References - My Code School
Binary Tree
Binary tree is a special tree where a tree can have at most 2 children.
This means that a tree can have 0, 1 or 2 children, and still it can be a valid binary tree. So, based on this definition, all of these are valid binary trees.
For a binary tree, maximum number of nodes at level 'n' is 2^n.
Types of Binary Trees:
- Strict / Proper / Full Binary Tree
- Complete Binary Tree
- Perfect Binary Tree
- Balanced Binary Tree
Strict / Proper / Full Binary Tree
Strict or Proper Binary Tree is defined as a tree where each node can have either 0 or 2 children.
Complete Binary Tree
A complete binary tree is a binary tree in which every level, except possibly the last, is completely filled, and all nodes are as far left as possible. The tree shown below is a complete binary tree as all the nodes are as far left as possible.
A complete binary tree always contains between 1 and 2^(n-1) nodes at the last level 'n'.
Perfect Binary Tree
A perfect binary tree is a binary tree in which all nodes have two children and all leaves have the same depth or same level.
Technically, a perfect binary tree is always a complete binary tree and a full / strict / proper binary tree.
Properties of Perfect Binary Tree
Since there can be maximum 2 child nodes for any given node, there can be maximum 2^n number of nodes at 'n' level.
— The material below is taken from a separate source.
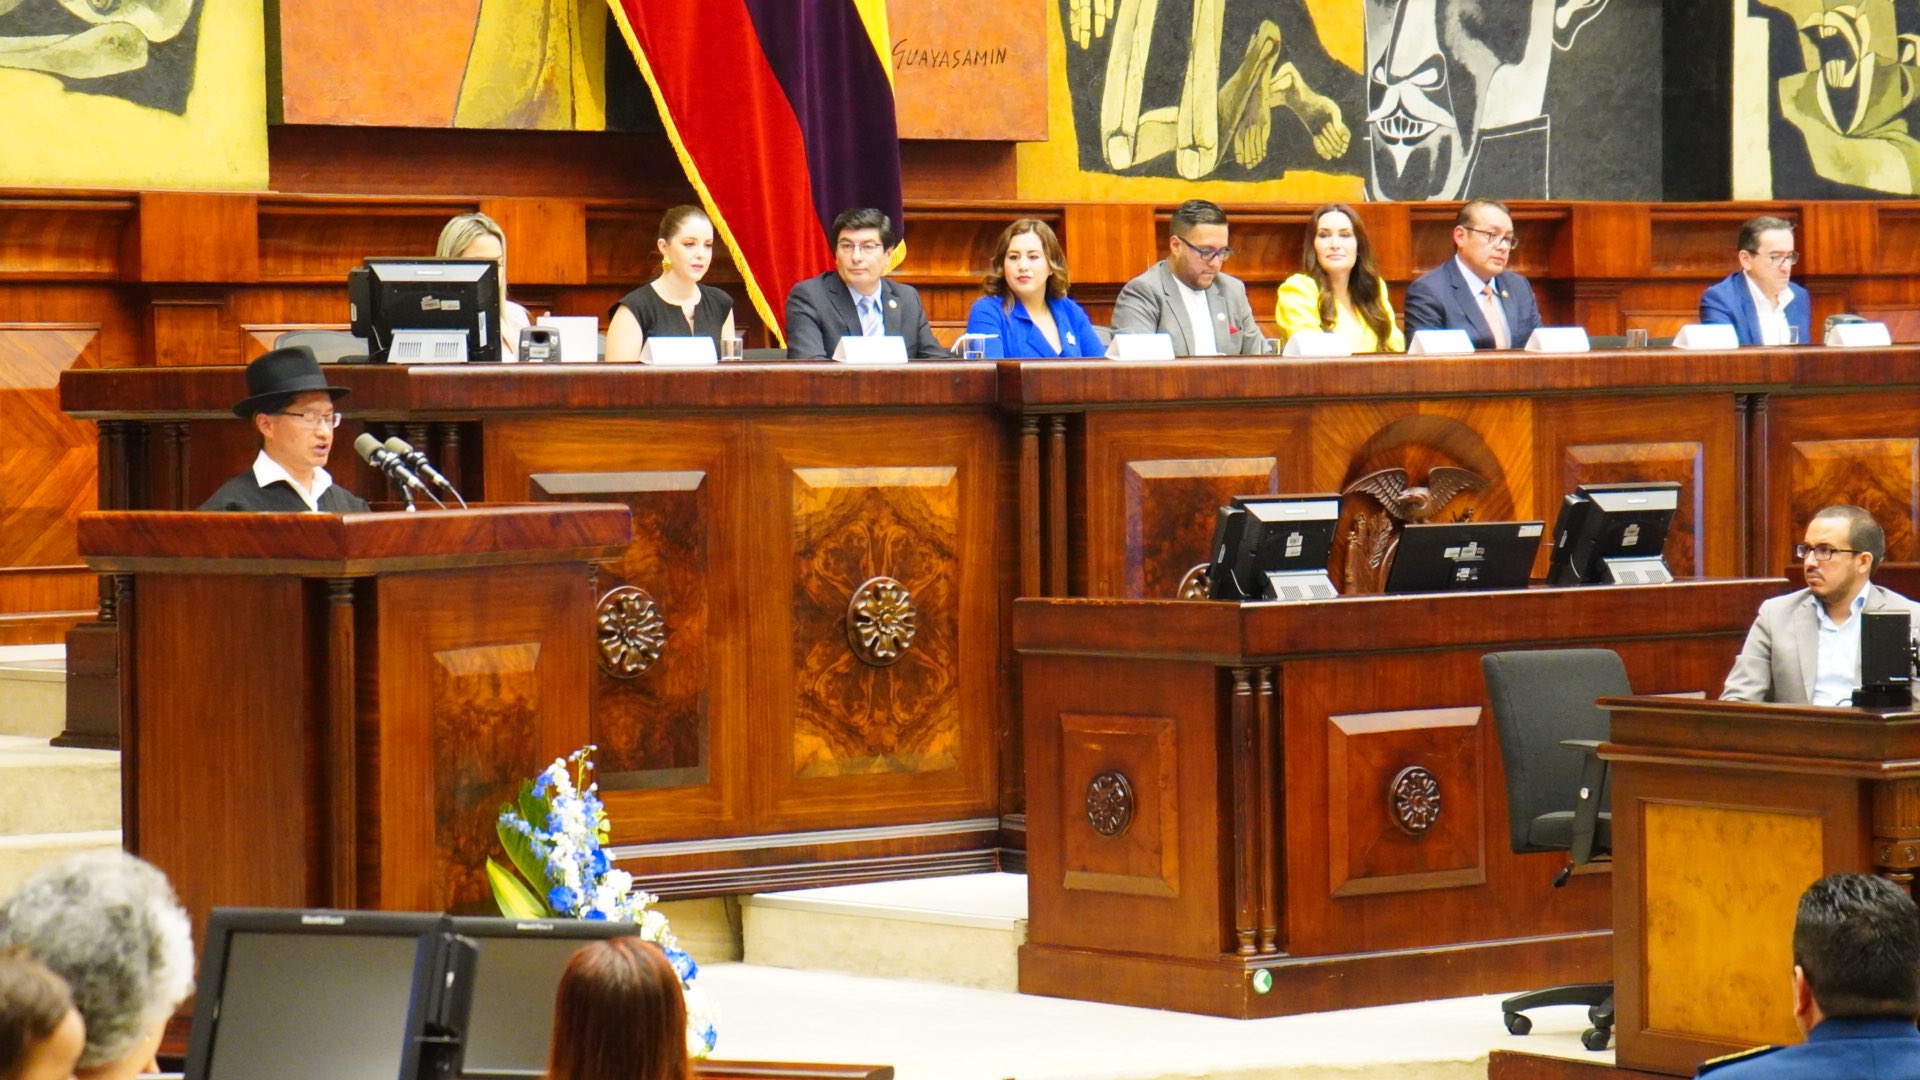 ESTRATEGIA. Juan Fernando Flores (CREO) en la mesa principal (de saco plomo y lentes) durante un evento de rendición de cuentas en el Pleno de la Asamblea.

So, for a tree with height 'h', number of nodes = 2^0 + 2^1 + 2^2 + ..... + 2^h = [2^(h+1)] -1.
- Maximum number of nodes in a binary tree with height 'h' = [ 2 ^ (h+1) ] - 1
- Height of a perfect binary tree with 'n' nodes = [ log with base 2 of (n + 1) ] - 1. i.e. log(n)
- Height of a complete binary tree with 'n' nodes = log with base 2 of n. i.e. log(n)
Cost of operations on a tree depends on height of a tree. i.e. search, insert, delete operations are directly proportional to the height of a tree.
The height of a tree is minimum if the tree is densly populated, i.e. tree is a perfect binary tree or close to complete binary tree. For 'n' nodes, minimum height of a tree can be log(n). So, the best time complexity with trees possible is O(log n).
For sparsely populated tree (which can be a linked list in worst case) the height becomes maximum, so cost of operations also increase. For 'n' nodes, maximum height can be (n-1). So, the worst case time complexity while dealing with trees can be o(n).
Balanced Binary Tree
Because of the above reason, we try to keep the height of a tree as minimum as possible. To do this, we try to keep the binary tree balanced.
A tree is said to be balanced binary tree if the difference between height of left and right subtree for every node is not more than 'k', which is mostly 1. This difference at any node is calculated as:
Difference = | height of left subtree - height of right subtree |